REVOLVING CREDIT AND SECURITY AGREEMENT
Exhibit 10.4
FIRST AMENDMENT TO
This First Amendment to Revolving Credit and Security Agreement (this “Amendment”) is made as of this 21st day of May, 2014, by and among TRG CUSTOMER SOLUTIONS, INC. d/b/a IBEX Global Solutions (together with any Person joined to the Loan
Agreement as a borrower, collectively the “Borrowers”), the financial institutions which are now or which hereafter become party to the Loan Agreement as lenders (collectively, the “Lenders”), and PNC BANK,
NATIONAL ASSOCIATION (“PNC”), as agent for Lenders (PNC, in such capacity, the “Agent”) and as a Lender.
BACKGROUND
A. On November 8, 2013, Borrowers, Lenders and PNC as a
Lender and as Agent entered into that certain Revolving Credit and Security Agreement (as same has been or may be amended, restated, modified, renewed, extended, replaced or substituted from time to time, the “Loan Agreement”) to reflect certain financing arrangements between the parties thereto. All capitalized terms not otherwise defined herein
shall have the meaning ascribed thereto in the Loan Agreement.
B. Events of Default have occurred under the Loan
Agreement by reason of (i) Borrowers’ failure to comply with Section 7.21 of the Credit Agreement for the months of February 2014 and March 2014 (such Events of Default, the “Existing Defaults”).
C. Borrowers have requested that Agent and Lenders (i)
waive the Existing Defaults, and (ii) modify certain definitions, terms and conditions in the Loan Agreement, and Agent and Lenders are willing to do so on the terms and conditions hereafter set forth.
NOW THEREFORE, with the foregoing background hereinafter deemed incorporated by reference herein and made part hereof, the parties hereto, intending to
be legally bound, promise and agree as follows:
Section 1 Waiver
Upon the Effective Date (as defined below), Agent and Lenders hereby waive the Existing Defaults; provided, however that
such waiver shall in no way constitute a waiver of any other Default or Event of Default which may have occurred but which is not specifically referenced as an Existing Default, nor shall this waiver obligate Agent or Lenders to provide any further
waiver of any other Default or Event of Default (whether similar or dissimilar, including any further Default or Event of Default resulting from a failure to comply with the terms of the Loan Agreement). Other than in respect of the Existing Defaults,
this waiver shall not preclude the future exercise of any right, power, or privilege available to Agent or Lenders whether under the Loan Agreement, the Other Documents or otherwise.

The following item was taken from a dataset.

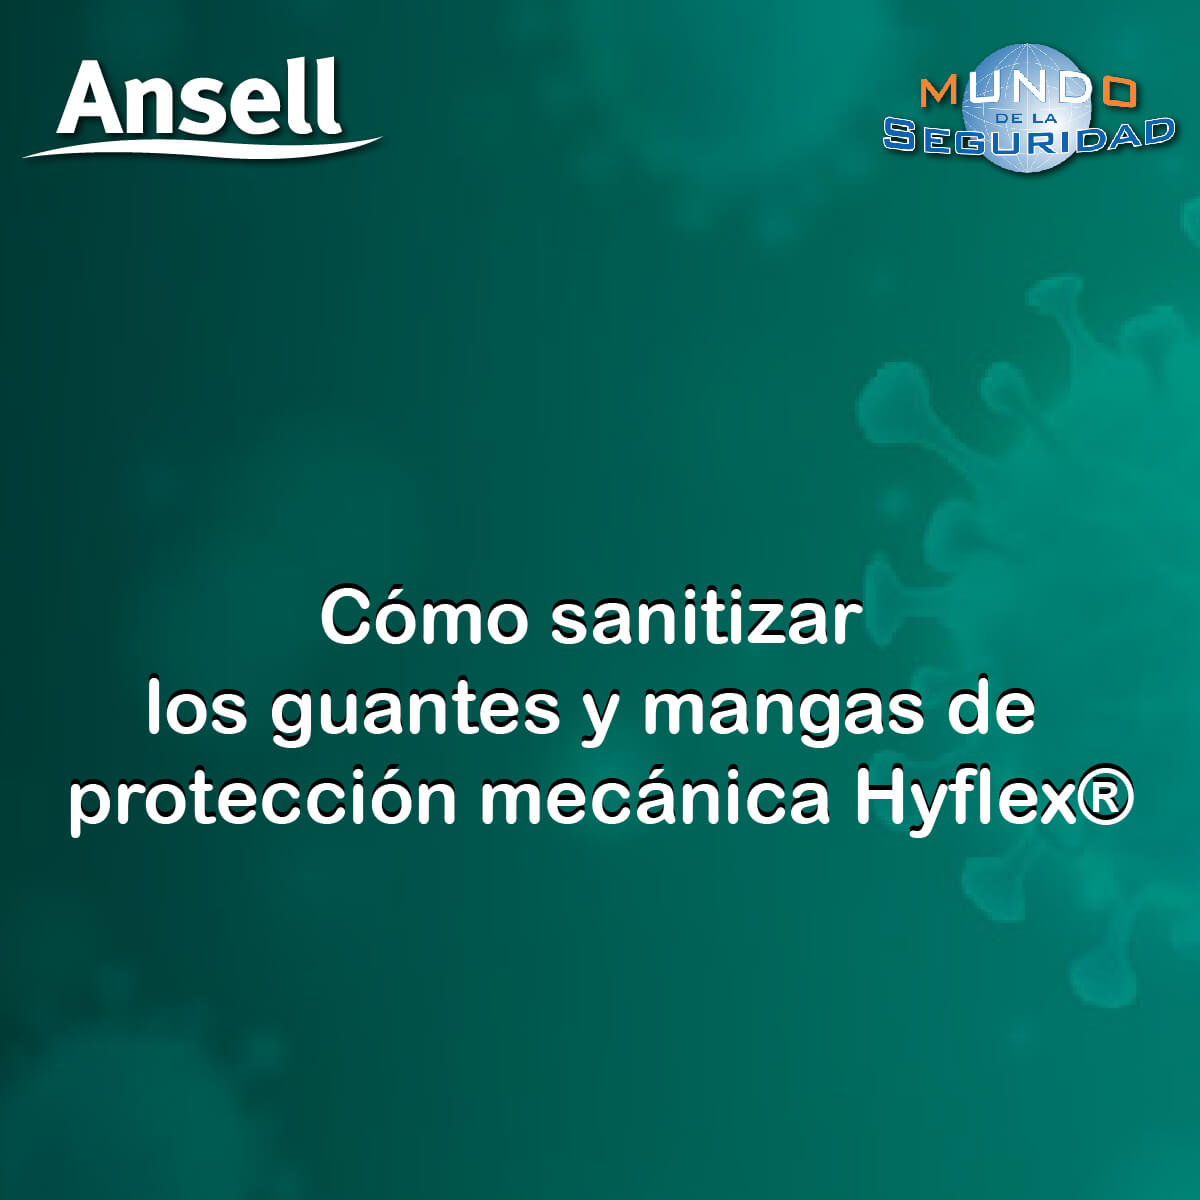 Sanitización de Guantes y Mangas Hyflex Ansell

Section 2 Amendment to Loan Agreement
(a) Affiliate
Payables. On the Effective Date, the Section 7.21 of the Loan Agreement shall be amended and restated to read as follows:
7.21. Affiliate Payables. Permit (a) the terms of any accounts payable due to any Affiliate or Subsidiary of any Borrower to be modified in any manner that is adverse to any Borrower, or (b) the amount of outstanding
Receivables owing to the Borrowers from their Affiliates and Subsidiaries to exceed (x) $3,000,000 in the aggregate at any time during the period beginning on June 30, 2014 and ending on August 30, 2014, or (y) $2,500,000 in the aggregate at any time
on or after August 31, 2014.
Section 3 Representations, Warranties and Covenants of Borrowers
Each Borrower hereby represents and warrants to and covenants with the Agent and the Lenders that:
(a) such Borrower reaffirms all representations and
warranties made to Agent and Lenders under the Loan Agreement and all of the Other Documents (as described and defined in the Loan Agreement) and confirms that after giving effect to this Amendment all are true and correct in all material respects as
of the date hereof (except to the extent any such representations and warranties specifically relate to a specific date, in which case such representations and warranties were true and correct in all material respects on and as of such other specific
date);
(b) from and after the Effective Date, such Borrower
reaffirms all of the covenants contained in the Loan Agreement (as amended hereby) (including without limitation, all covenants to pay fees, costs and expenses contained therein), covenants to abide thereby until all Advances, Obligations and other
liabilities of Borrowers to Agent and Lenders under the Loan Agreement of whatever nature and whenever incurred, are satisfied and/or released by Agent and Lenders (other than contingent indemnification obligations which survive termination of the
Loan Agreement);
(c) after giving effect to this Amendment, no Default or
Event of Default has occurred and is continuing under the Loan Agreement or the Other Documents (as described and defined in the Loan Agreement);
(d) such Borrower has the authority and legal right to
execute, deliver and carry out the terms of this Amendment, that such actions were duly authorized by all necessary limited liability company or corporate action, as applicable, and that the officer executing this Amendment on its behalf was
similarly authorized and empowered, and that this Amendment does not contravene any provisions of its certificate of incorporation or formation, operating agreement, bylaws, or other formation documents, as applicable, or of any material contract or
agreement to which it is a party or by which any of its properties are bound; and
(e) this Amendment and all assignments, instruments,
documents, and agreements executed and delivered in connection herewith, are valid, binding and enforceable in accordance with their respective terms, except as such enforceability may be limited by any applicable bankruptcy, insolvency,
moratorium or similar laws affecting creditors’ rights generally.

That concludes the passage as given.